O Congresso Nacional derrubou um dos vetos impostos pelo presidente Jair Bolsonaro (sem partido) ao trecho da Lei Complementar nº 177 que proibia novos contingenciamentos dos recursos do Fundo Nacional de Desenvolvimento Científico e Tecnológico (FNDCT), principal instrumento de fomento à ciência, tecnologia e inovação (CT&I) no Brasil. Nos últimos cinco anos, apenas uma fração dos valores disponíveis no fundo pôde ser executada. O restante era transferido para um fundo de reserva, ficando à disposição do governo para o pagamento da dívida pública e manutenção de superávit fiscal.
Com a derrubada do veto, daqui para a frente os recursos federais reservados para a ciência não poderão ser bloqueados. A notícia foi recebida com alívio pela comunidade científica e por parlamentares. “Esse é um dia histórico para a CT&I brasileira”, disse o senador Izalci Lucas (PSDB-DF), ao divulgar seu voto em sessão remota no Senado Federal na quarta-feira (17/03). “A derrubada do veto fortalecerá nosso sistema de ciência e tecnologia [C&T]. O Brasil precisa investir mais, a prioridade é a vacina contra o coronavírus. Não se faz vacina sem pesquisa, sem tecnologia, sem inovação. E, agora, nós teremos mais recursos para essa área tão importante para o desenvolvimento do país.”
A manobra foi sacramentada após acordo entre o colégio de líderes partidários e o governo federal, no âmbito do qual se decidiu pela derrubada do primeiro veto e a manutenção de um segundo, que impedia a liberação de R$ 4,2 bilhões bloqueados em 2020. Foram 71 votos pela derrubada do veto no Senado e 385 na Câmara dos Deputados.
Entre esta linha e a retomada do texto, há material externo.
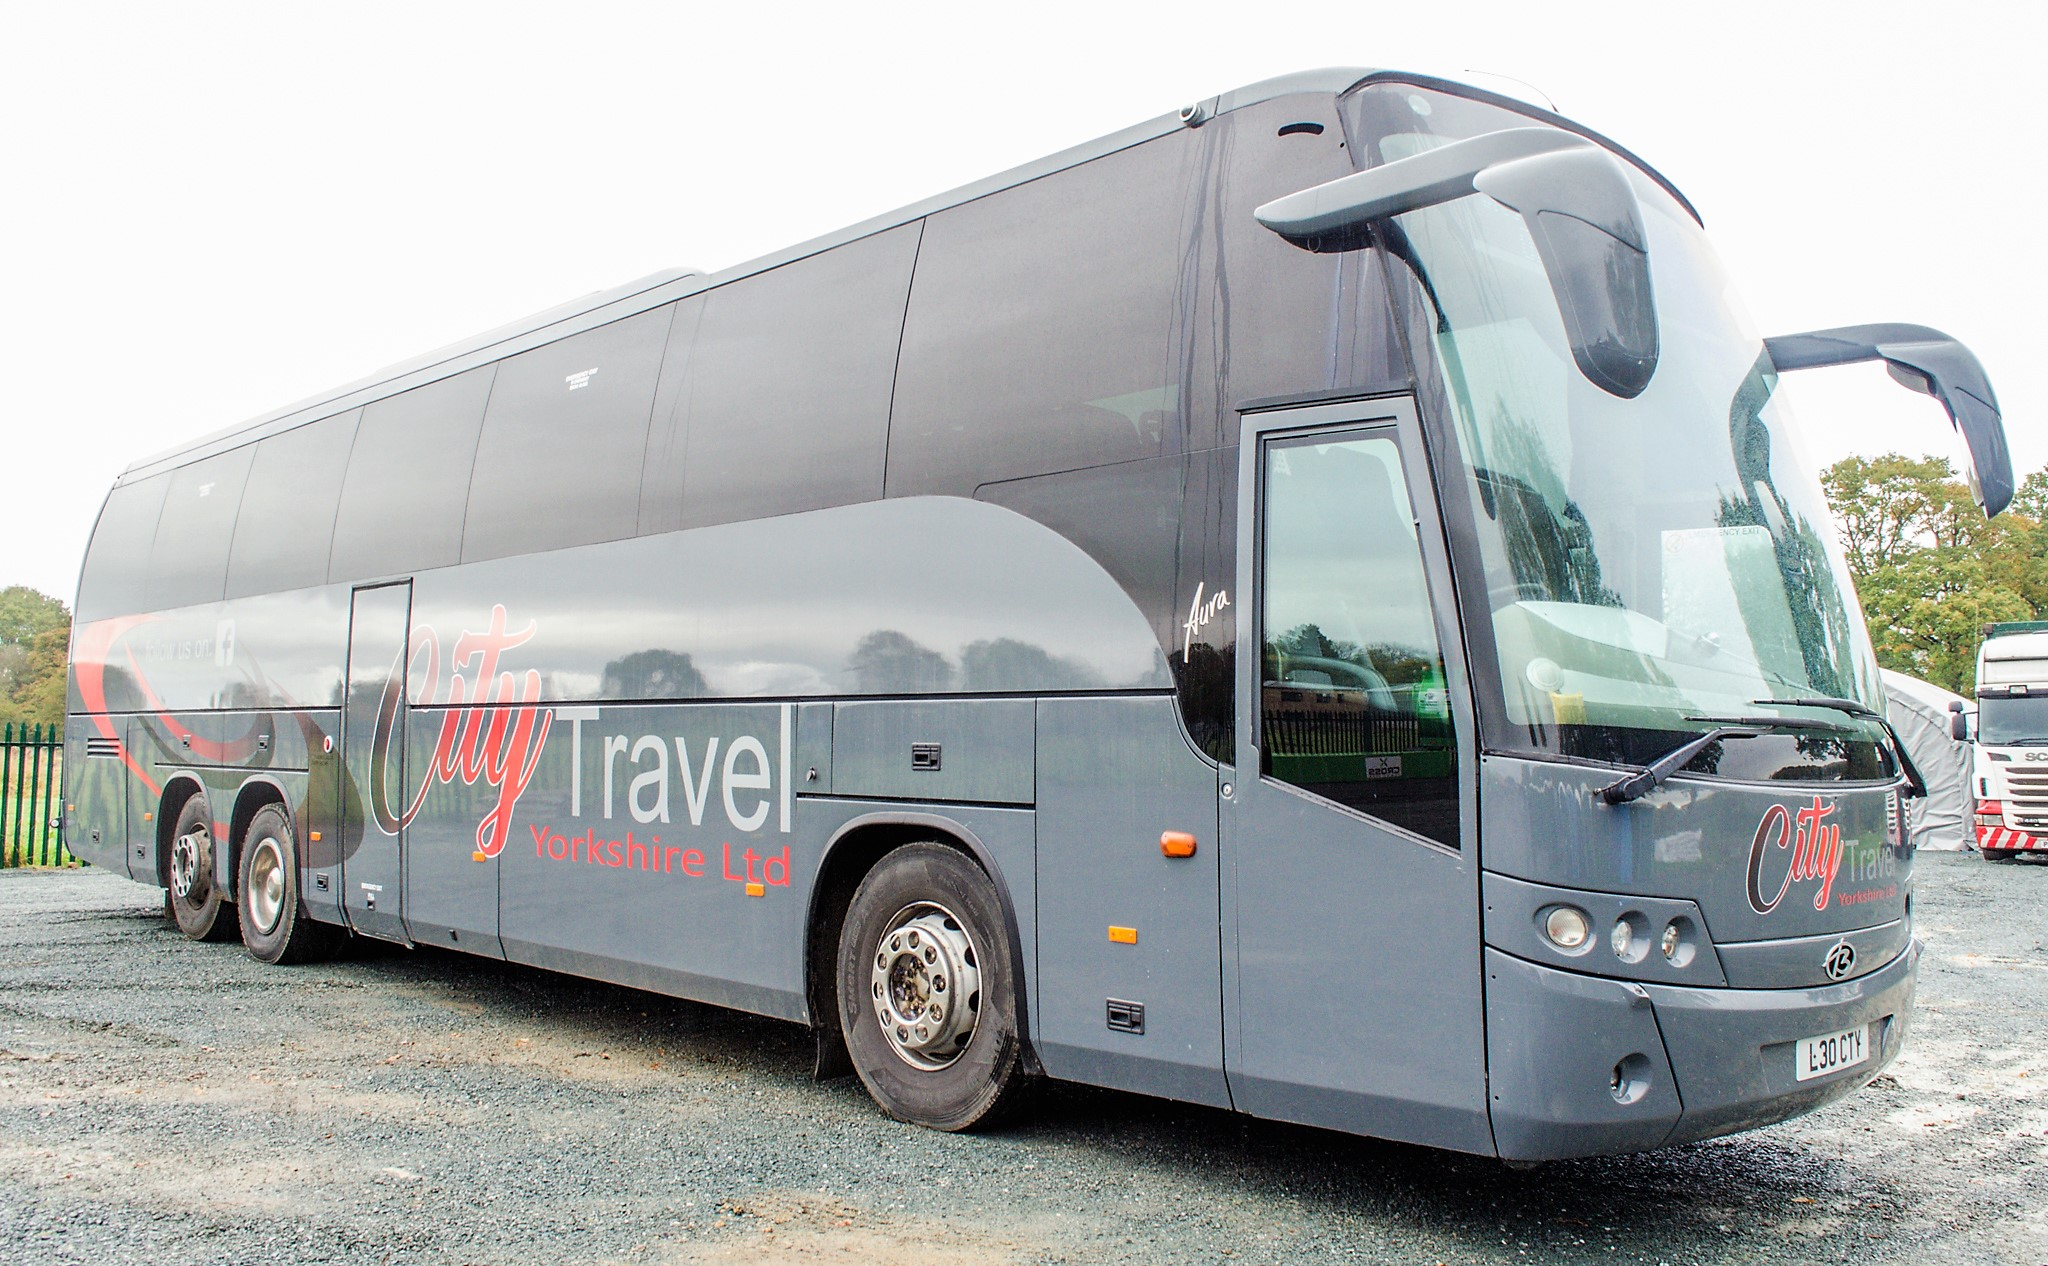 MAN F2000 Beulas Aura 54 seat luxury coach Registration Number: KC08 KTC Date of Registration: 30/ - Image 2 of 19

Ao todo, o sistema de C&T brasileiro deverá contar já neste ano com aproximadamente R$ 6 bilhões, sendo que R$ 2,3 bilhões poderão ser usados em operações de crédito e investimentos não reembolsáveis a empresas, instituições científicas e tecnológicas nacionais, públicas ou privadas, para a execução de projetos de desenvolvimento científico e tecnológico, aprimoramento de infraestrutura de pesquisa e formação de recursos humanos.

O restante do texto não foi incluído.